- _ABOUT THIS TASK_
Return every line of the data below exactly, but do not include the images.

- _GIVEN INFORMATION_
• • • • •

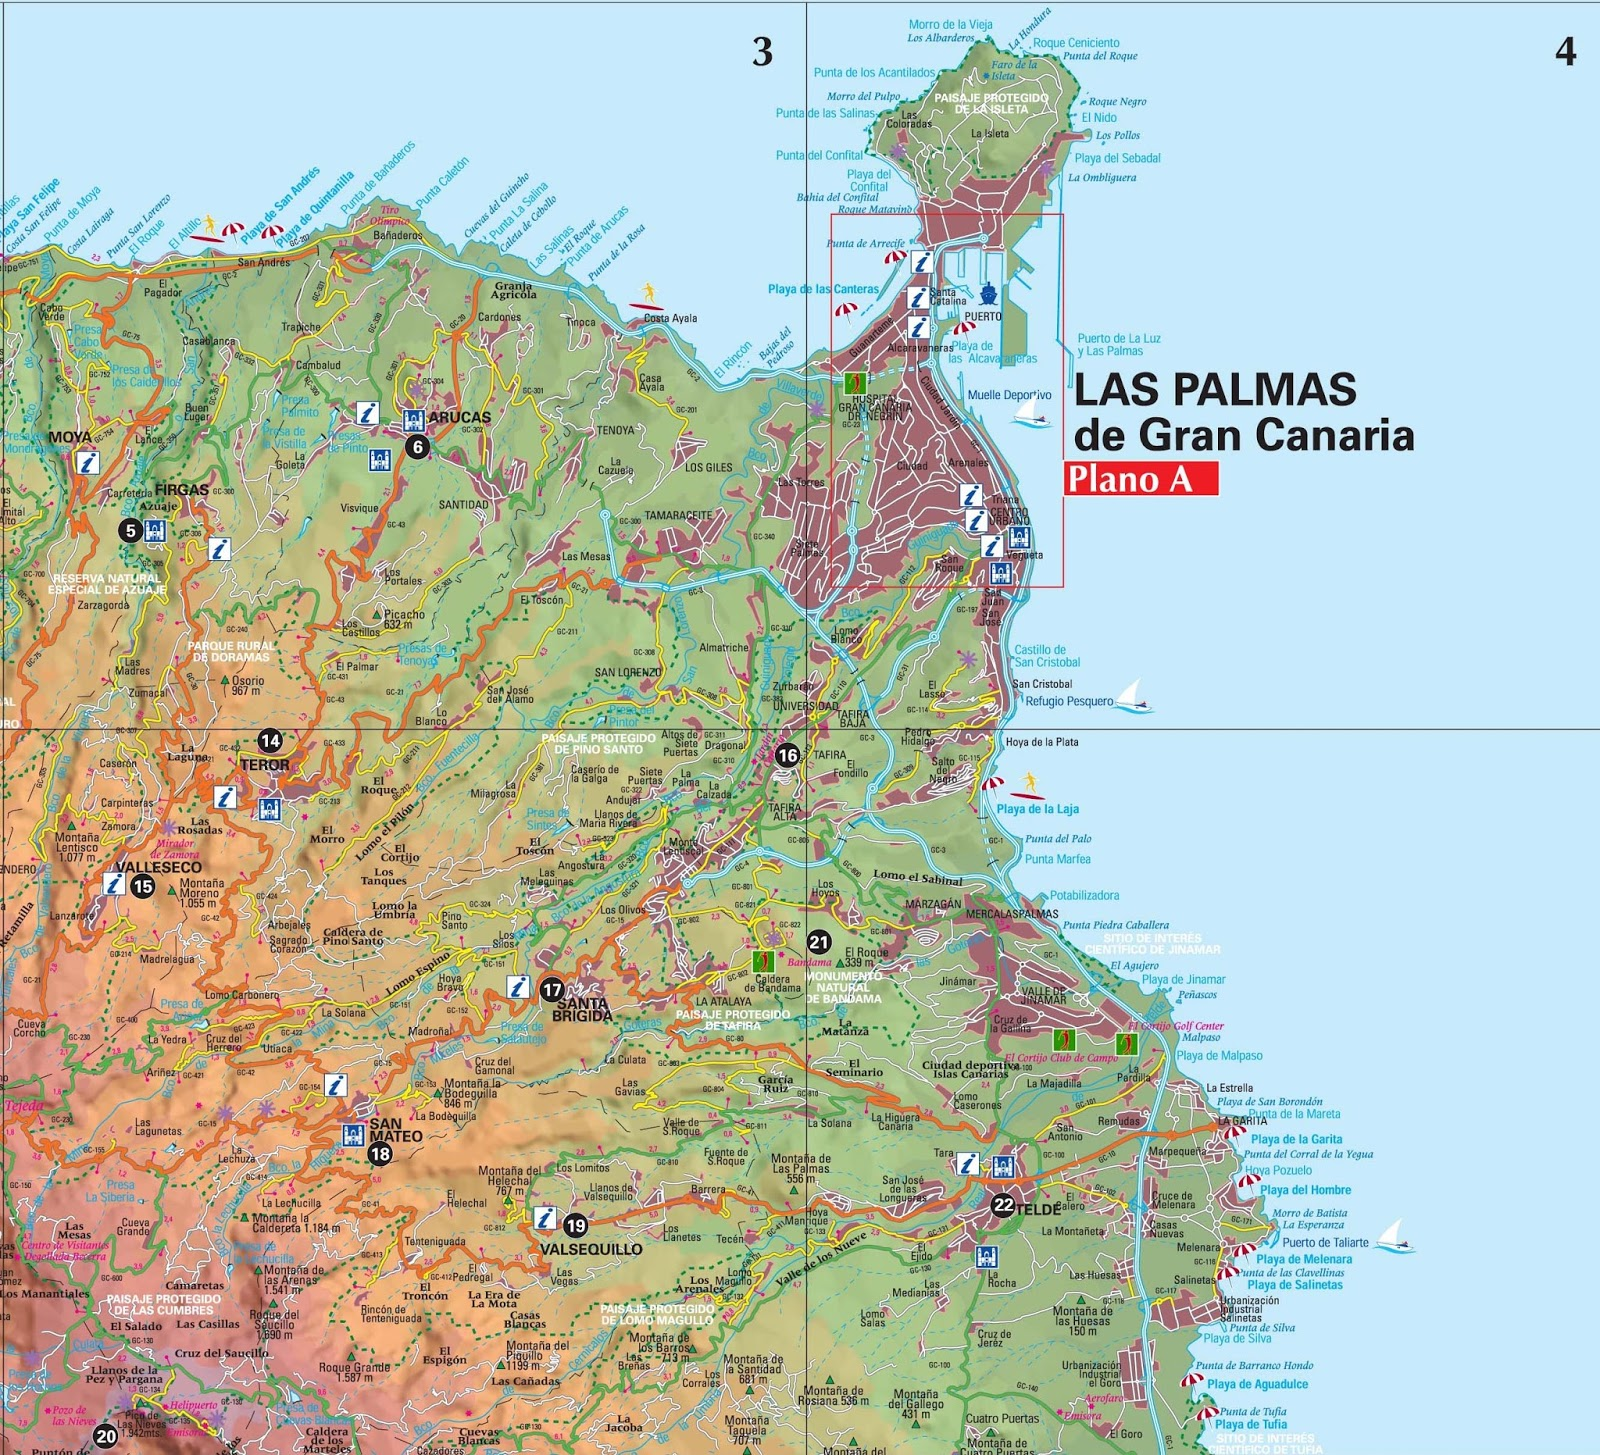 Mapas de las palmas de gran canaria espanha mapasblog - Pisos com las palmas de gran canaria ...
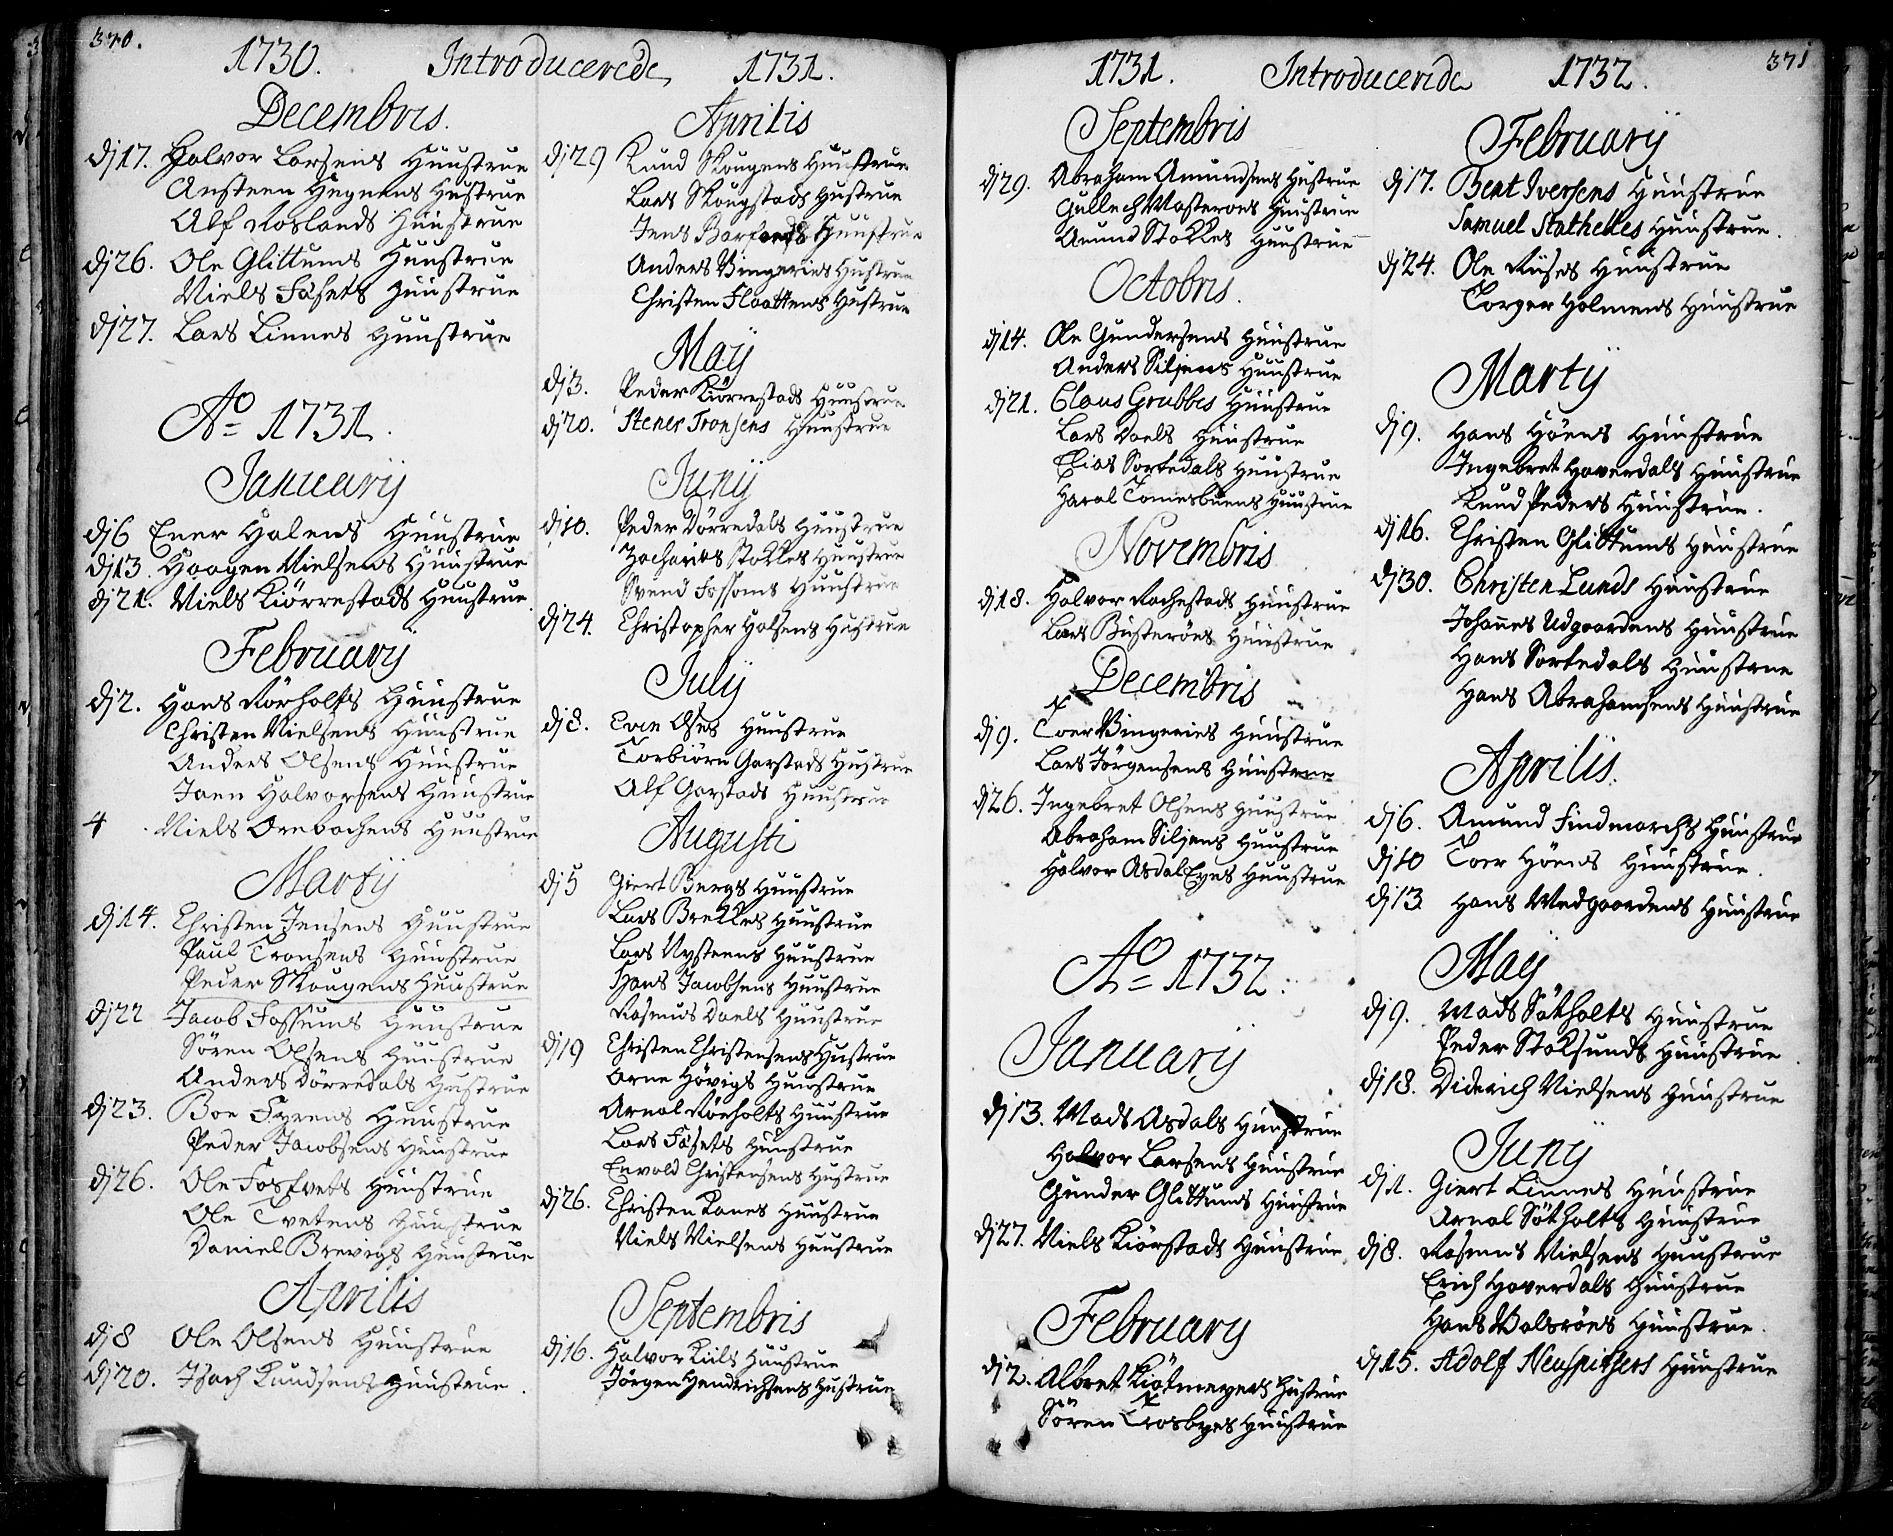 SAKO, Bamble kirkebøker, F/Fa/L0001: Ministerialbok nr. I 1, 1702-1774, s. 370-371
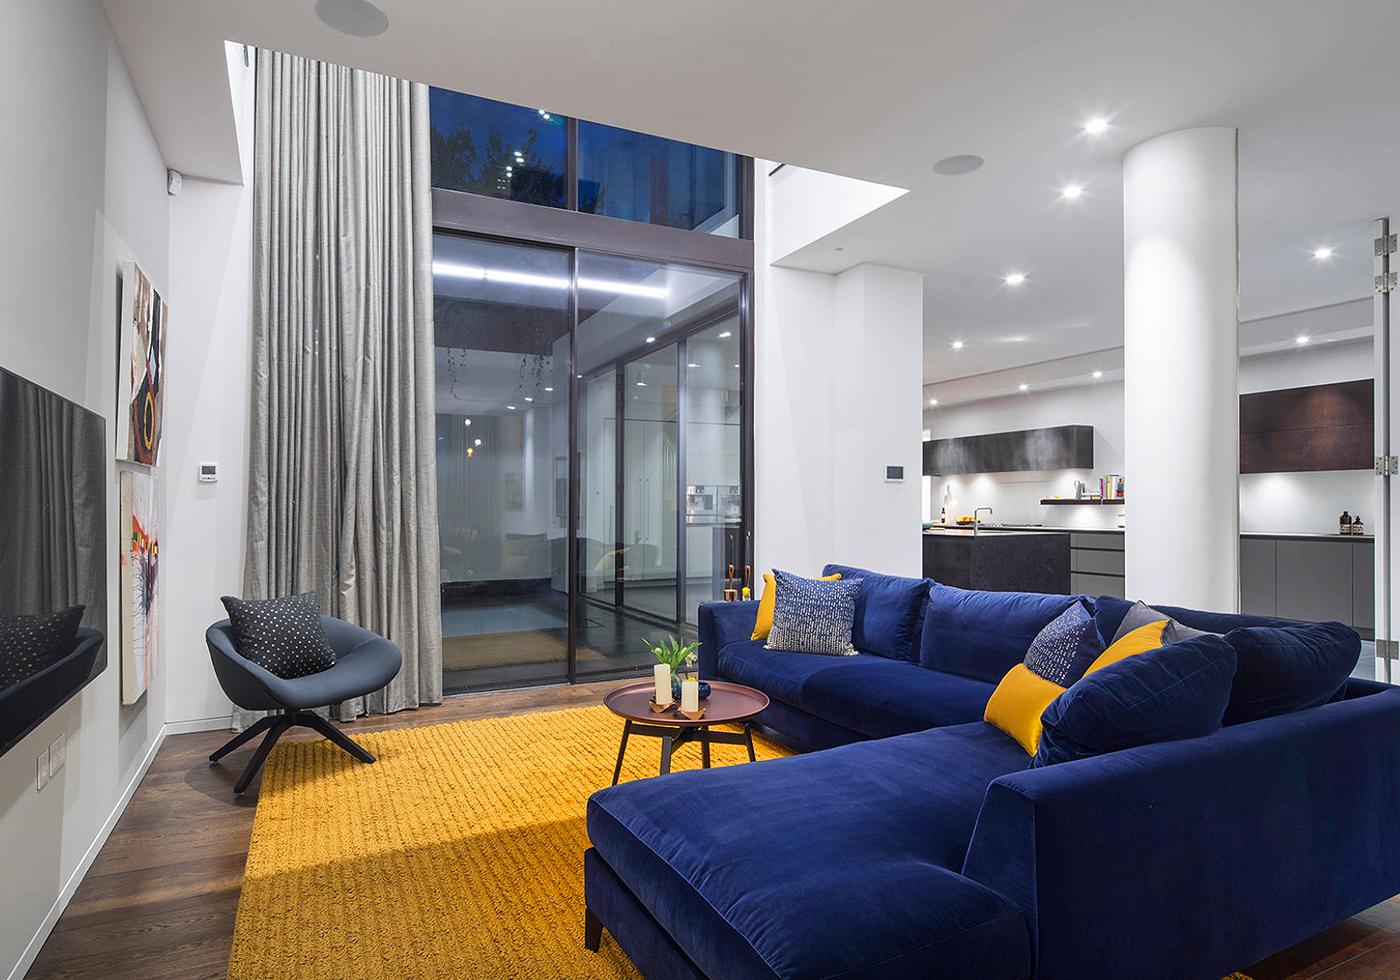 Elegant Navy Blue Modern Style Living Room Decor With Navy

• • • • •

- _ANSWER AREA_
 Mapas de las palmas de gran canaria espanha mapasblog - Pisos com las palmas de gran canaria ...
 SAKO, Bamble kirkebøker, F/Fa/L0001: Ministerialbok nr. I 1, 1702-1774, s. 370-371
 Elegant Navy Blue Modern Style Living Room Decor With Navy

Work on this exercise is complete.